____ GIVEN MATERIAL
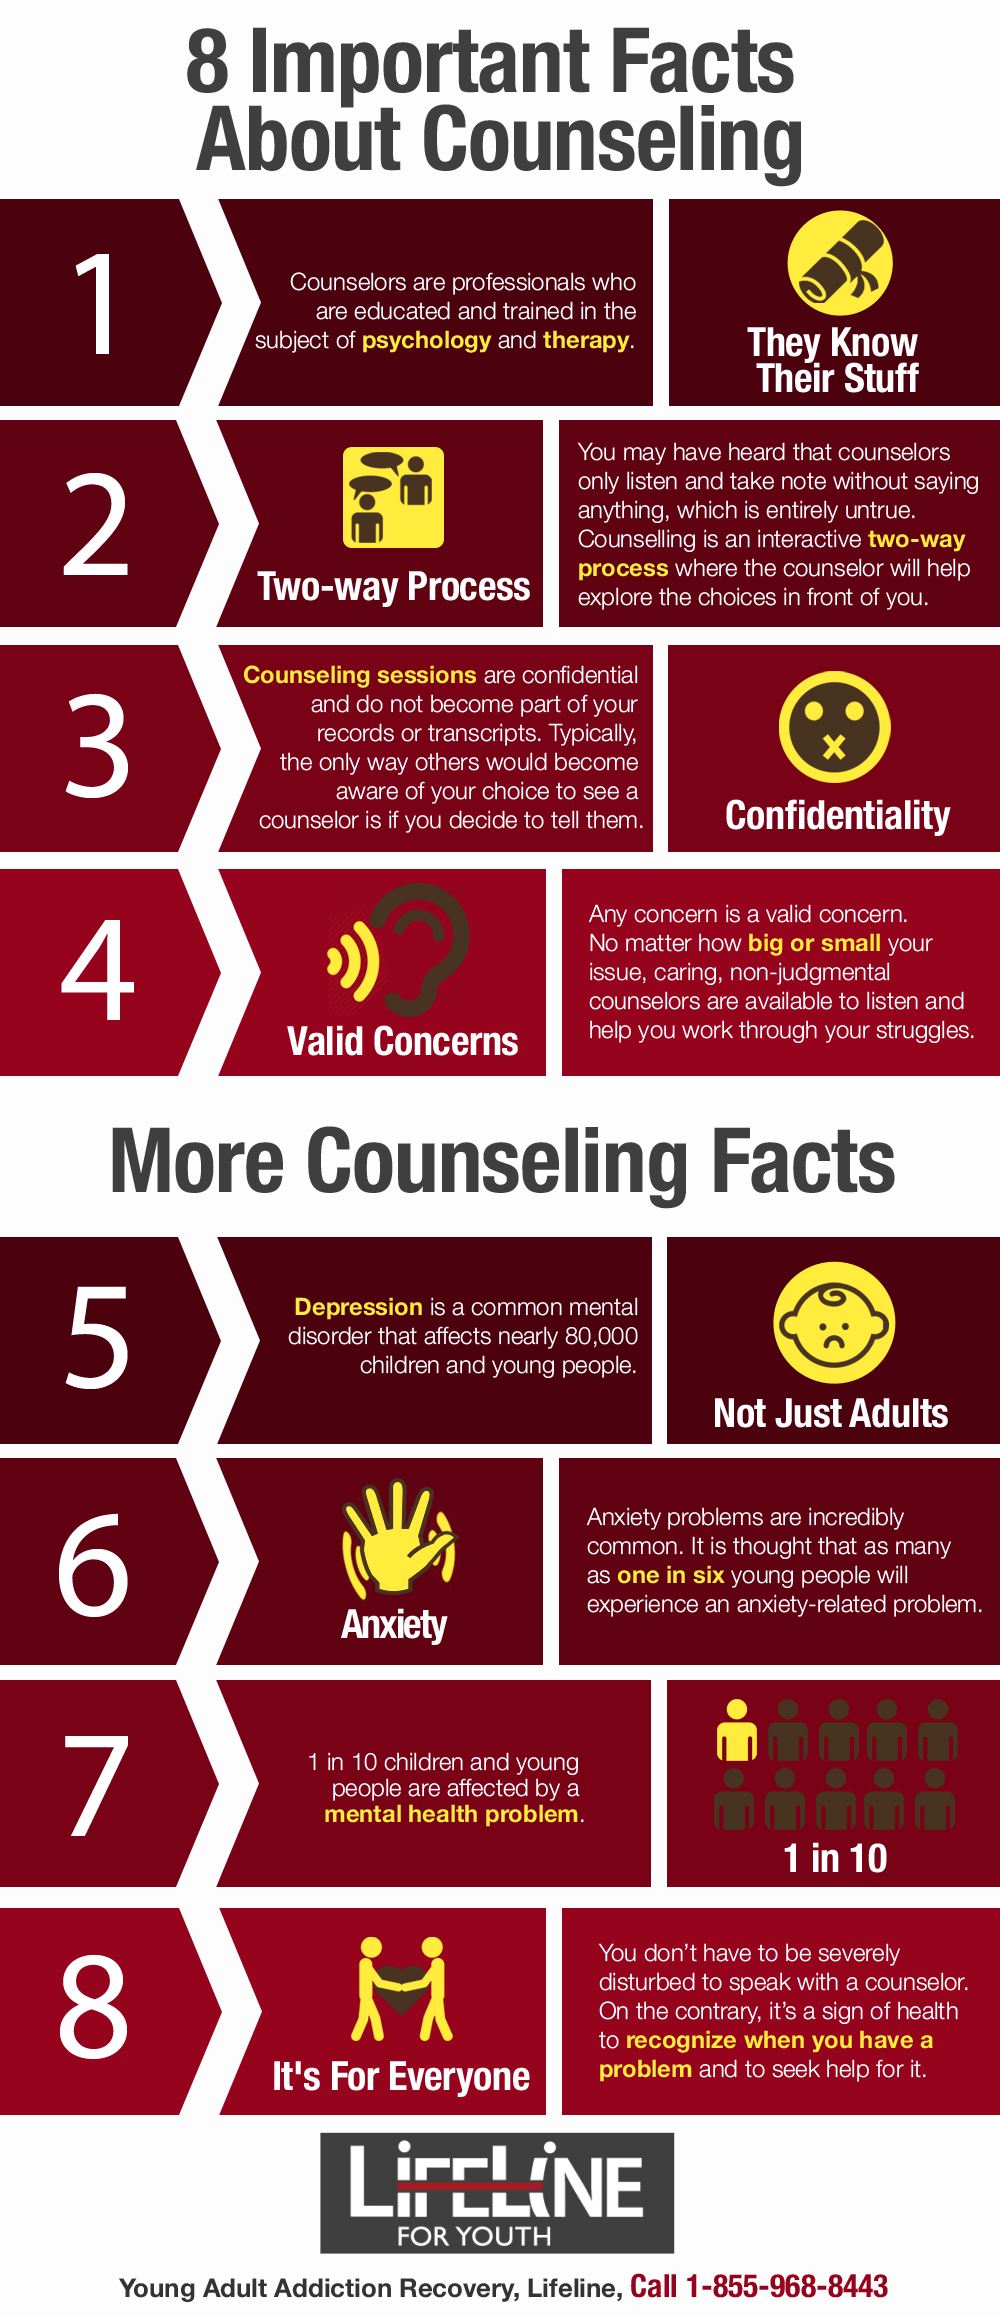 further research about counseling
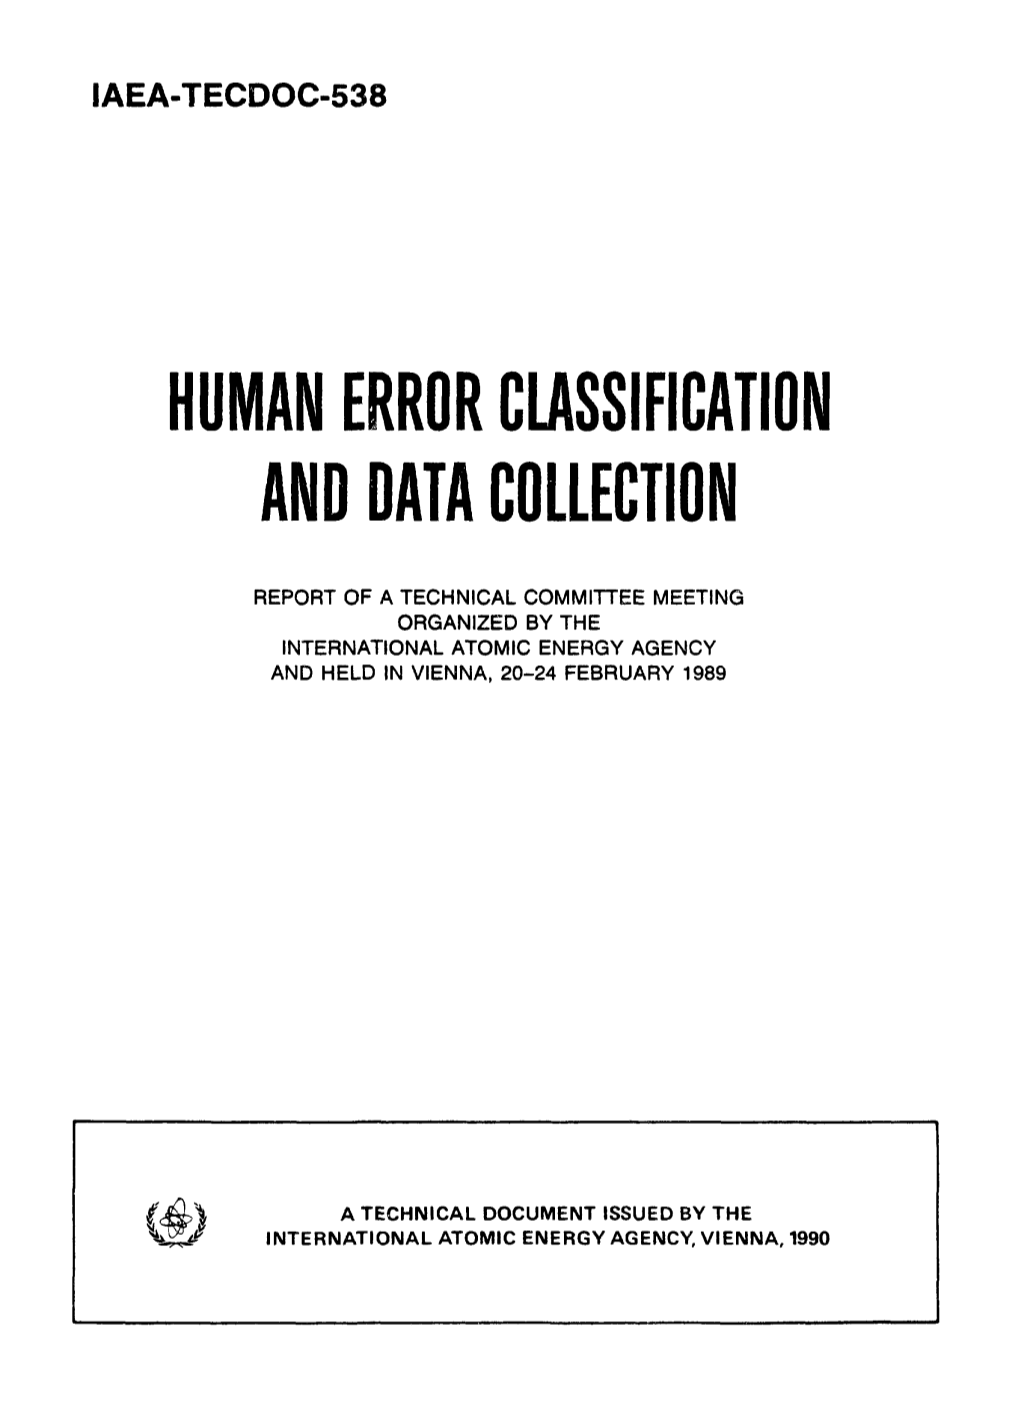 Human Error Classification and Data Collection
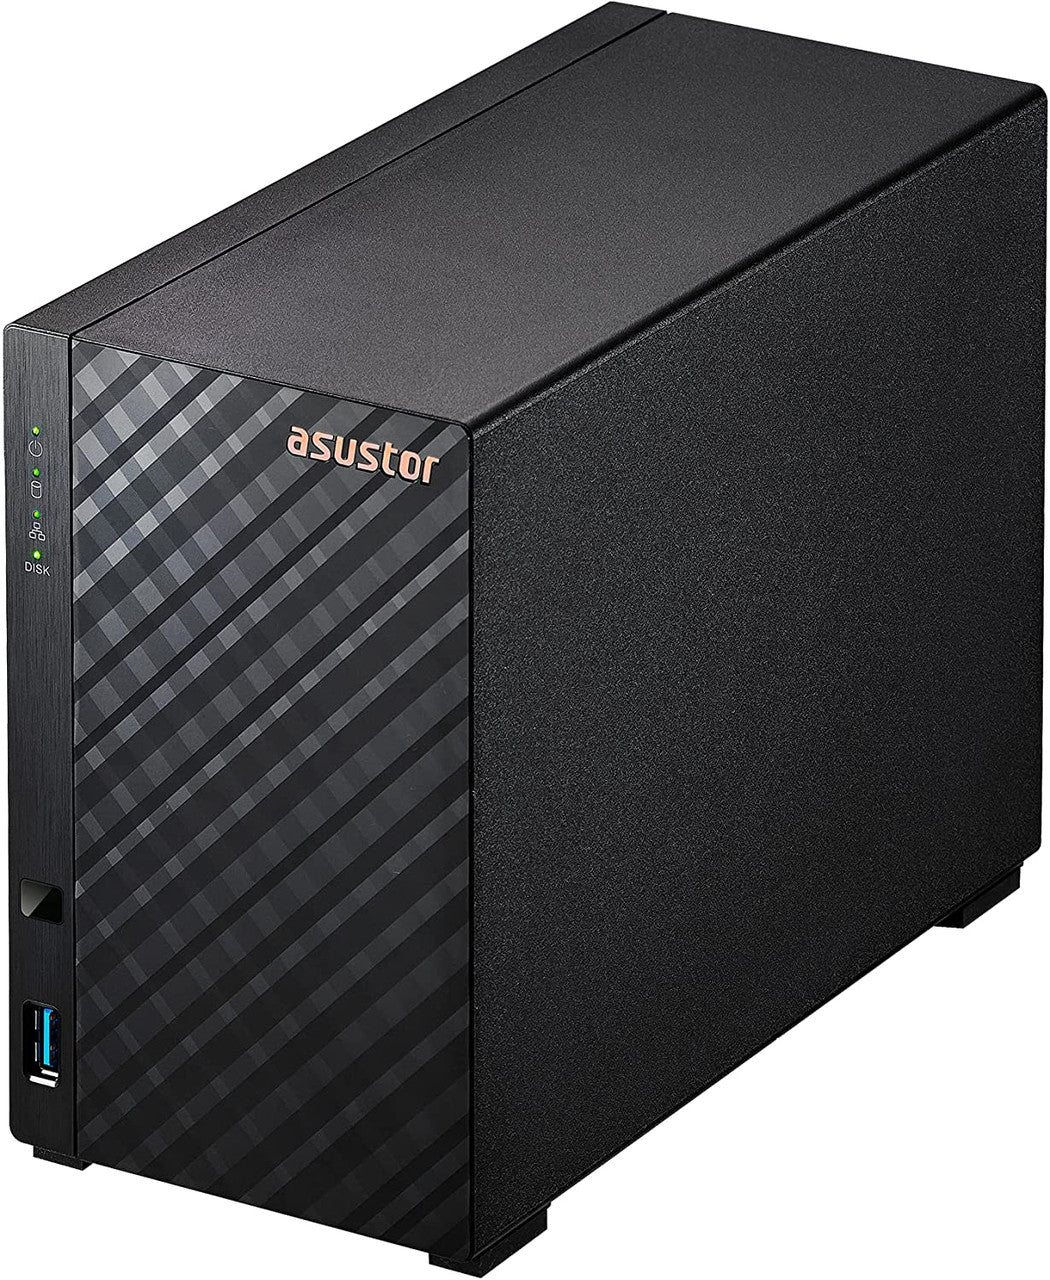 Asustor AS1102T 2-Bay Drivestor 2 NAS with 1GB RAM and 12TB (2x6TB) Western Digital RED Plus Drives
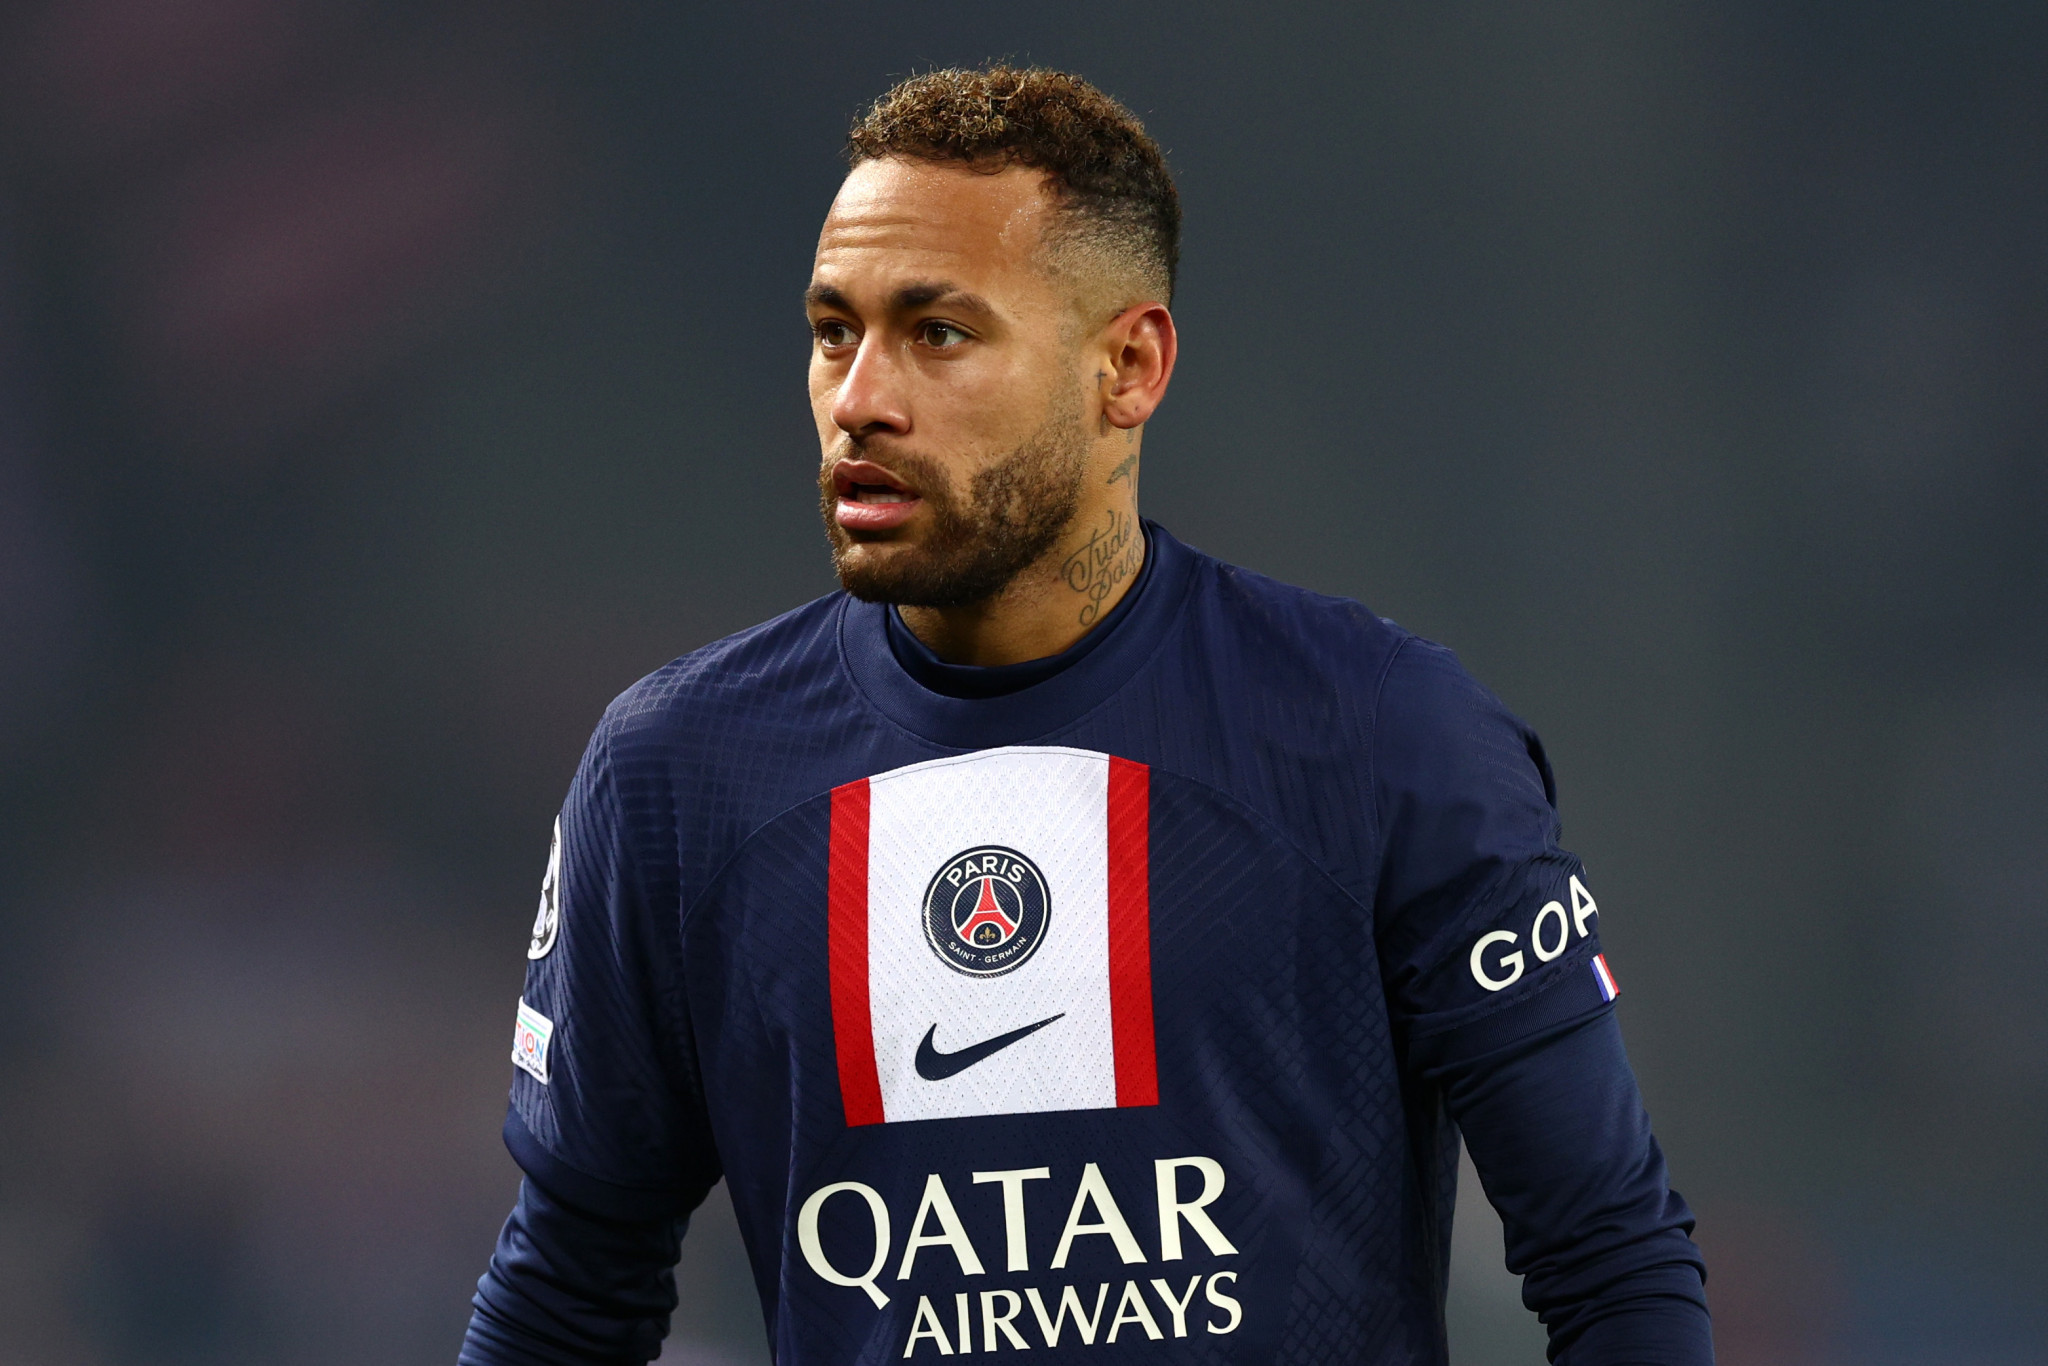 Brazilian Neymar, who plays for French team Paris Saint-Germain is one of the most followed footballers on social media ©Getty Images
________
> **PROBLEM DETAILS**
Retype the listing exactly and drop the pictures.

> **ANSWER FOR THIS EXERCISE**
 further research about counseling
 Human Error Classification and Data Collection
 Asustor AS1102T 2-Bay Drivestor 2 NAS with 1GB RAM and 12TB (2x6TB) Western Digital RED Plus Drives
 Brazilian Neymar, who plays for French team Paris Saint-Germain is one of the most followed footballers on social media ©Getty Images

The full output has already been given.